Word for word, output every line of the material below, minus pictures.

Dataset content below:

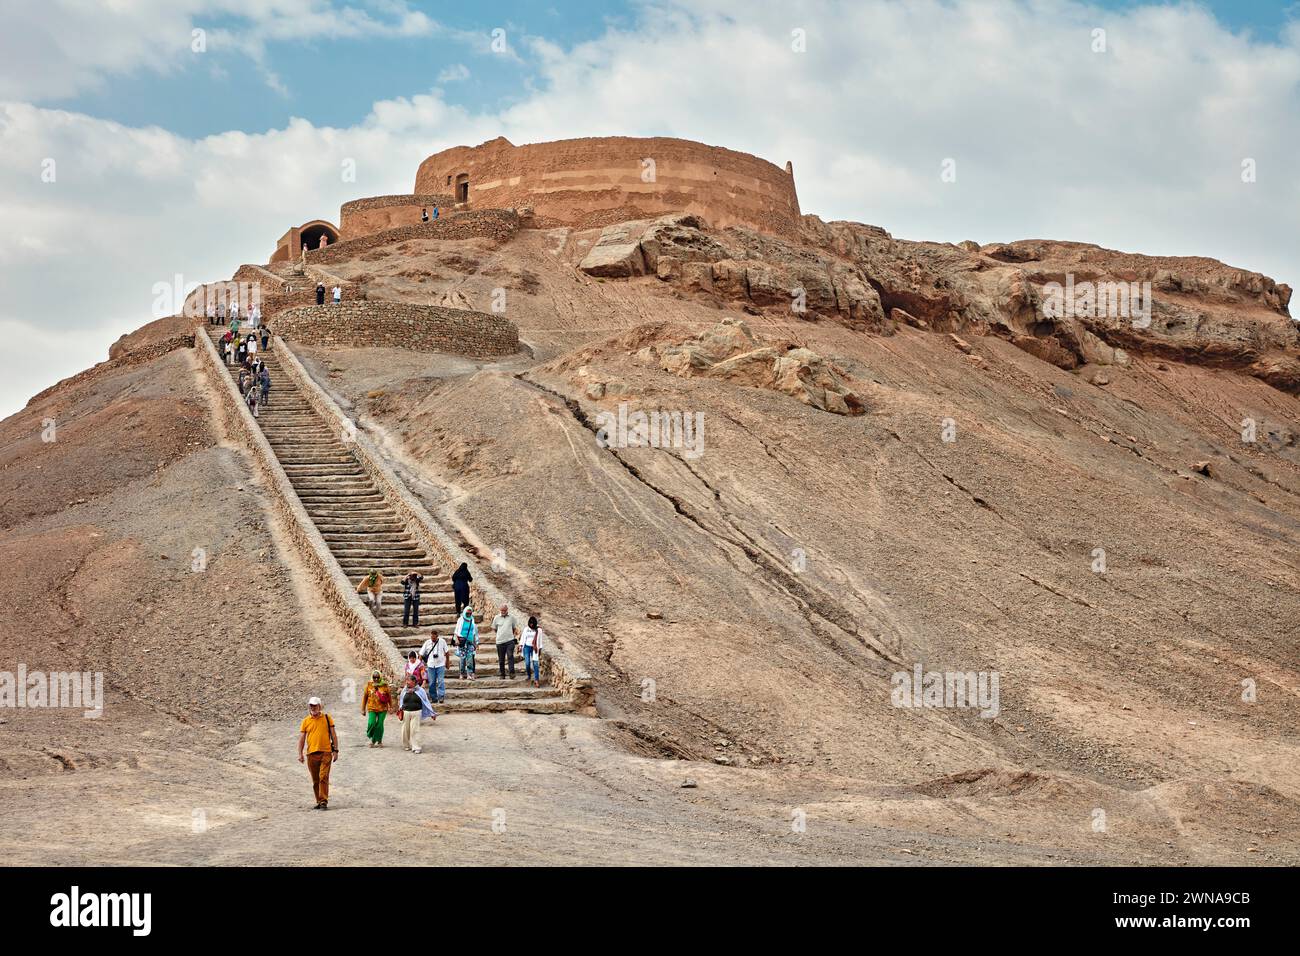 Les touristes descendent l'escalier après avoir visité la Tour du silence (Dakhmeh), une structure utilisée dans la tradition funéraire zoroastrienne. Yazd, Iran. Zoroastr Banque D'Images
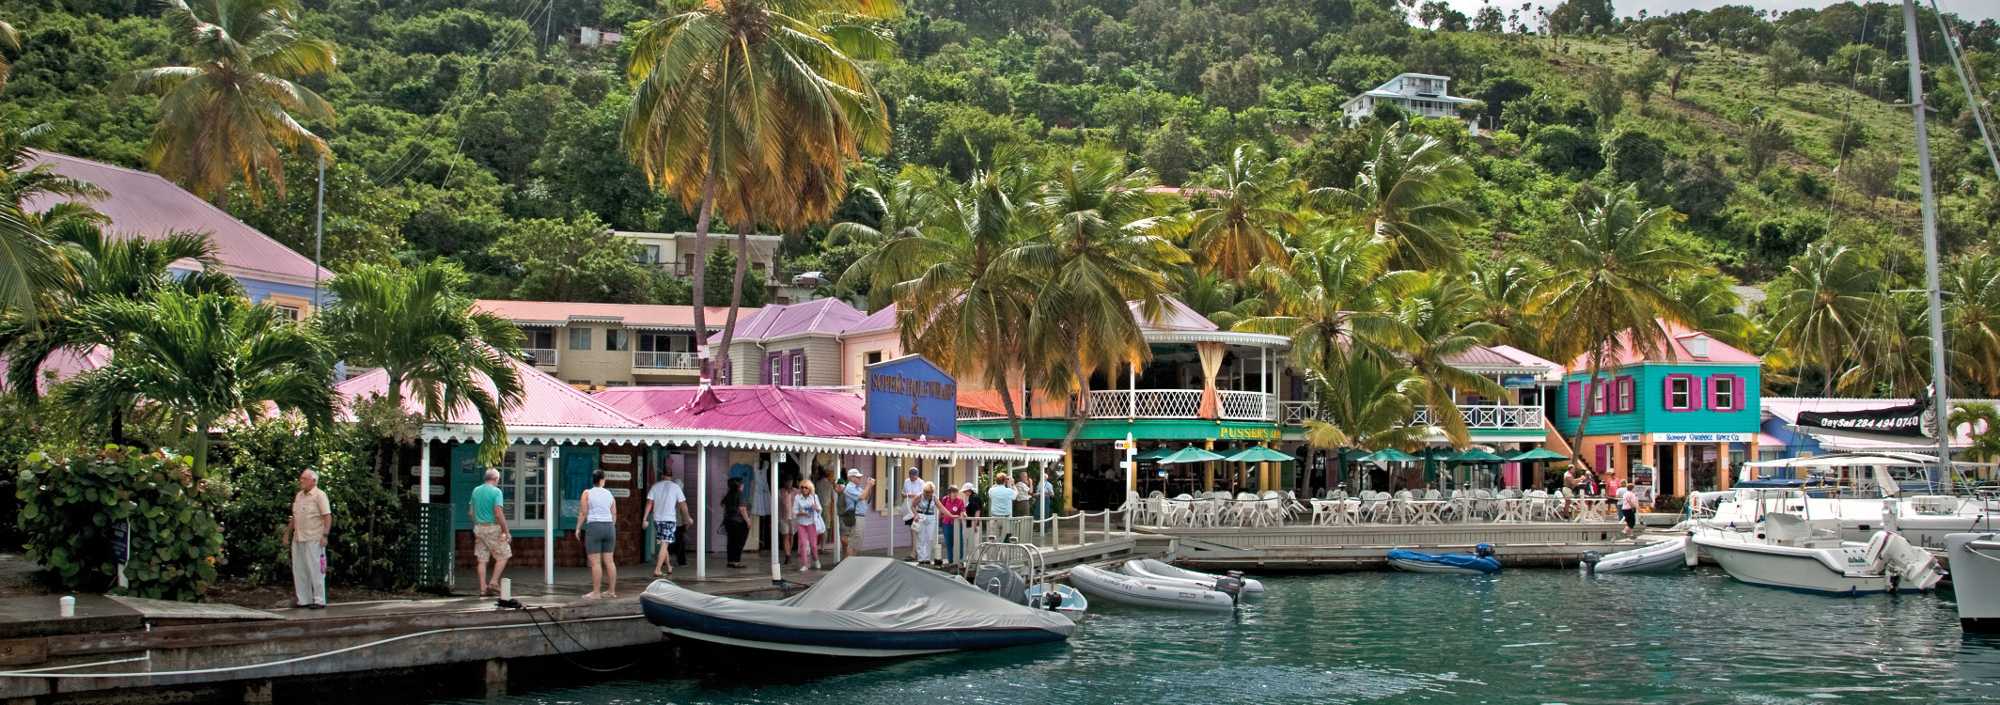 Marina mit bunten Holzhäusern auf den British Virgin Islands
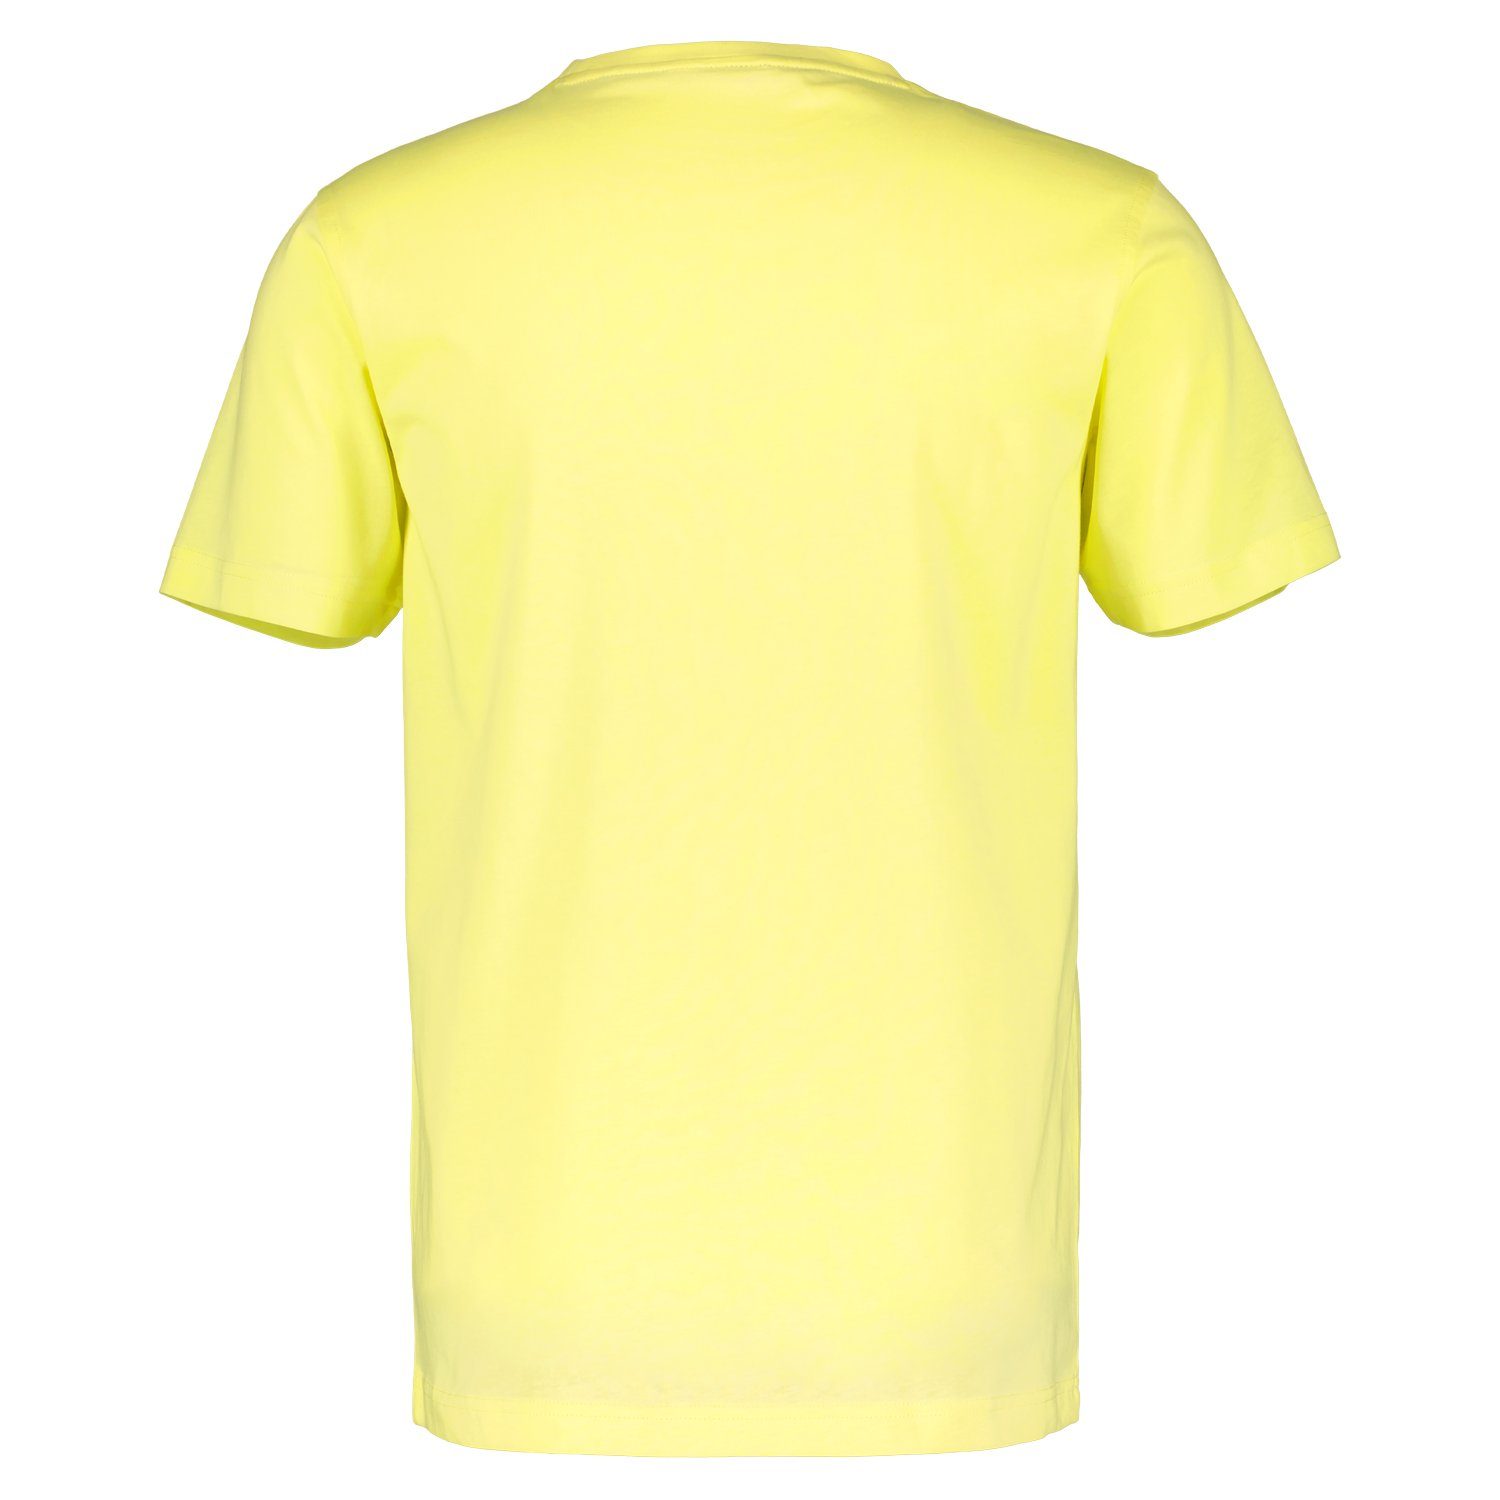 LERROS Brust Logoprägung T-Shirt an lemon der pure

End of Dataset content.

Exercise output:
 Les touristes descendent l'escalier après avoir visité la Tour du silence (Dakhmeh), une structure utilisée dans la tradition funéraire zoroastrienne. Yazd, Iran. Zoroastr Banque D'Images
 Marina mit bunten Holzhäusern auf den British Virgin Islands
 LERROS Brust Logoprägung T-Shirt an lemon der pure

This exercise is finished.